Although there is no absolute prohibition against it, a recording played as part of the evidence at a trial should not ordinarily be tendered as an exhibit and made available to the jury to play, unsupervised, in the jury room (R v NZ (2005) 63 NSWLR 628; [2005] NSWCCA 278). As Hayne J said in Gately v The Queen (2007) 232 CLR 208; [2007] HCA 55 at [96]:
"If a jury asks to be reminded of the evidence of an affected child that was pre-recorded under [the provisions of the Evidence Act] and played to the jury as the evidence of that child, that request should ordinarily be met by replaying the evidence in court in the presence of the trial judge, counsel, and the accused … seldom, if ever, will it be appropriate to allow the jury unsupervised access to the record of that evidence" (see also at [3] per Gleeson CJ).
There were no special circumstances in the present case which justified departure from this ordinary rule. There was thus an irregularity in what occurred.
Section 306X of the Criminal Procedure Act is in the following terms:
"306X Warning to jury
If a vulnerable person gives evidence of a previous representation wholly or partly in the form of a recording made by an investigating official in accordance with this Division in any proceedings in which there is a jury, the judge must warn the jury not to draw any inference adverse to the accused person or give the evidence any greater or lesser weight because of the evidence being given in that way."
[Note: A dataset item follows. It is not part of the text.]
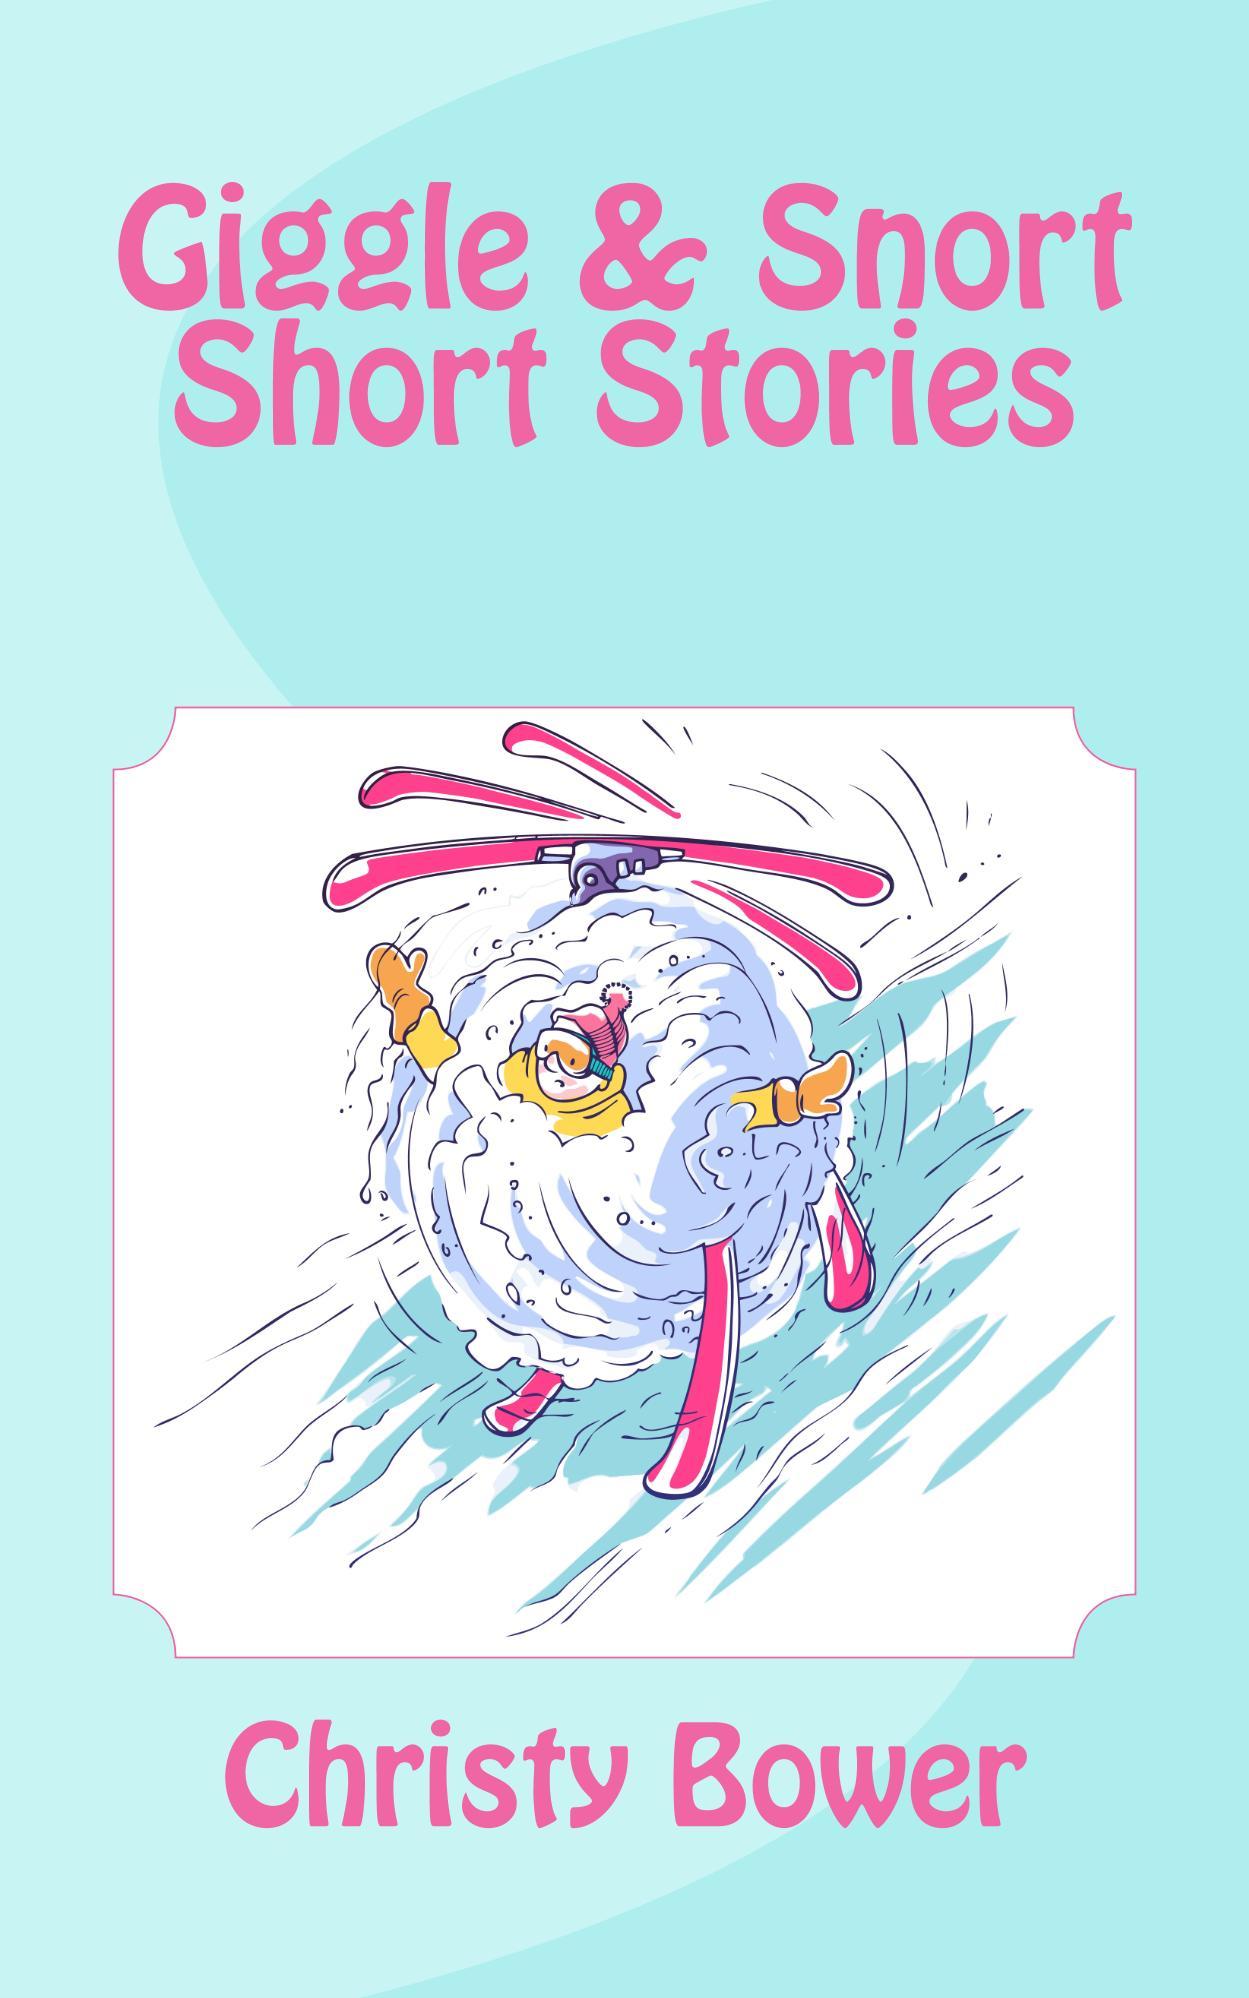 Giggle & Snort Short Stories

It is mandatory for a trial judge to give this warning where a complainant's evidence is given (either wholly or partly) via a recording of a police interview, as occurred in the present case. A suggested warning is contained in the Criminal Trials Bench Book in the following terms:
"This is standard procedure for [children]. You should not draw any inference against the accused or give the evidence any greater or lesser weight simply because it is given in this manner. You should assess [his/her] evidence in the same way as you would assess the evidence of any other witness: at [1-376]."
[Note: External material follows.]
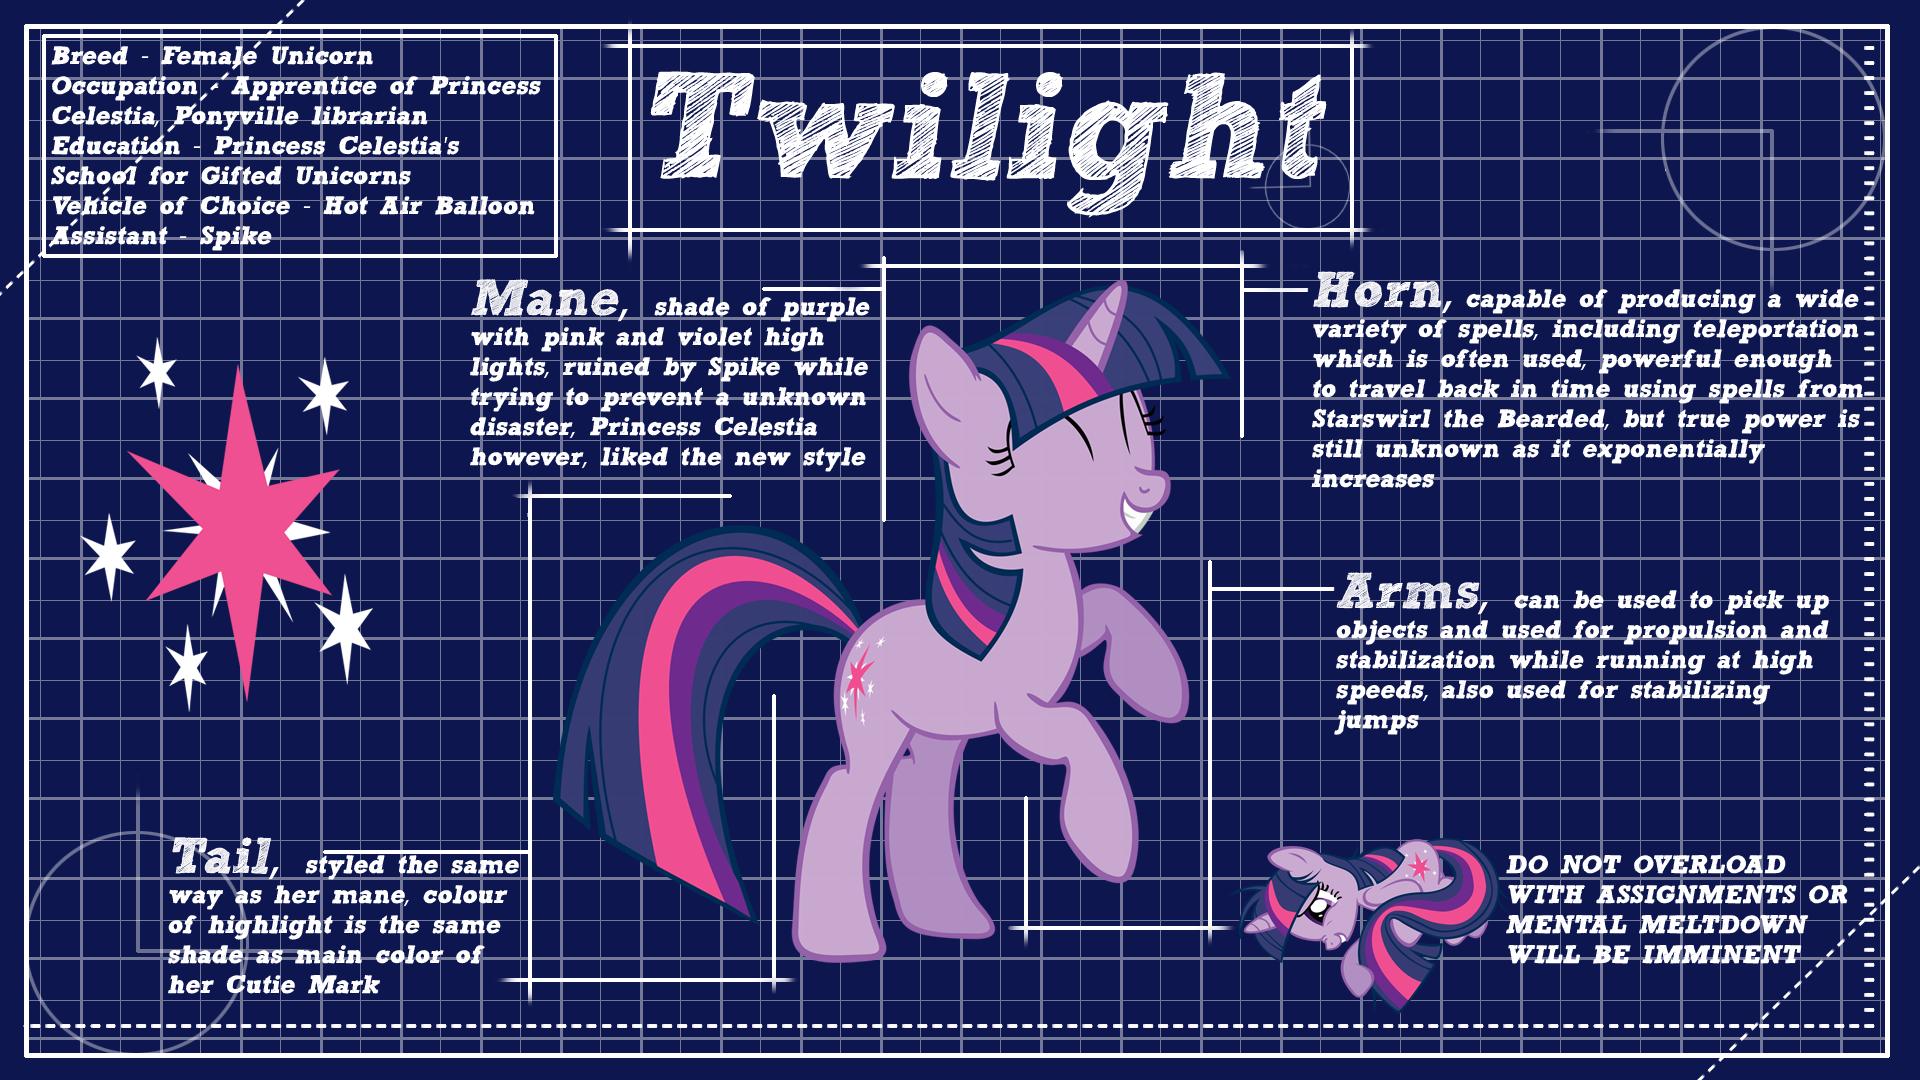 Twilight Design by BlackGryph0n, ikonradx and jeosadn

No such warning was given in this case. This constituted another irregularity in the conduct of the trial.
Further, as Howie J indicated in Galvin v R (2006) 161 A Crim R 449; [2006] NSWCCA 66 at [63], the seriousness of a failure to give a warning against placing too much weight on the evidence given by way of a complainant's recorded interview is heightened where, contrary to the preferred procedure set out in NZ, a jury is given access to the recording during the course of its deliberations. In the circumstances of the present case, both the failure to give the warning, and the jury's access to the recording were irregularities, and, the Crown conceded, in combination "had the potential to undermine the balance and fairness of the trial".
[8]
Ground 5: The trial judge erred by failing to adopt the appropriate procedures in relation to s 294A of the Criminal Procedure Act
Section 294A of the Criminal Procedure Act is relevantly in the following terms:
"294A Arrangements for complainant in prescribed sexual offence proceedings giving evidence when accused person is unrepresented
(1) This section applies to proceedings in respect of a prescribed sexual offence during which the accused person is not represented by an Australian legal practitioner.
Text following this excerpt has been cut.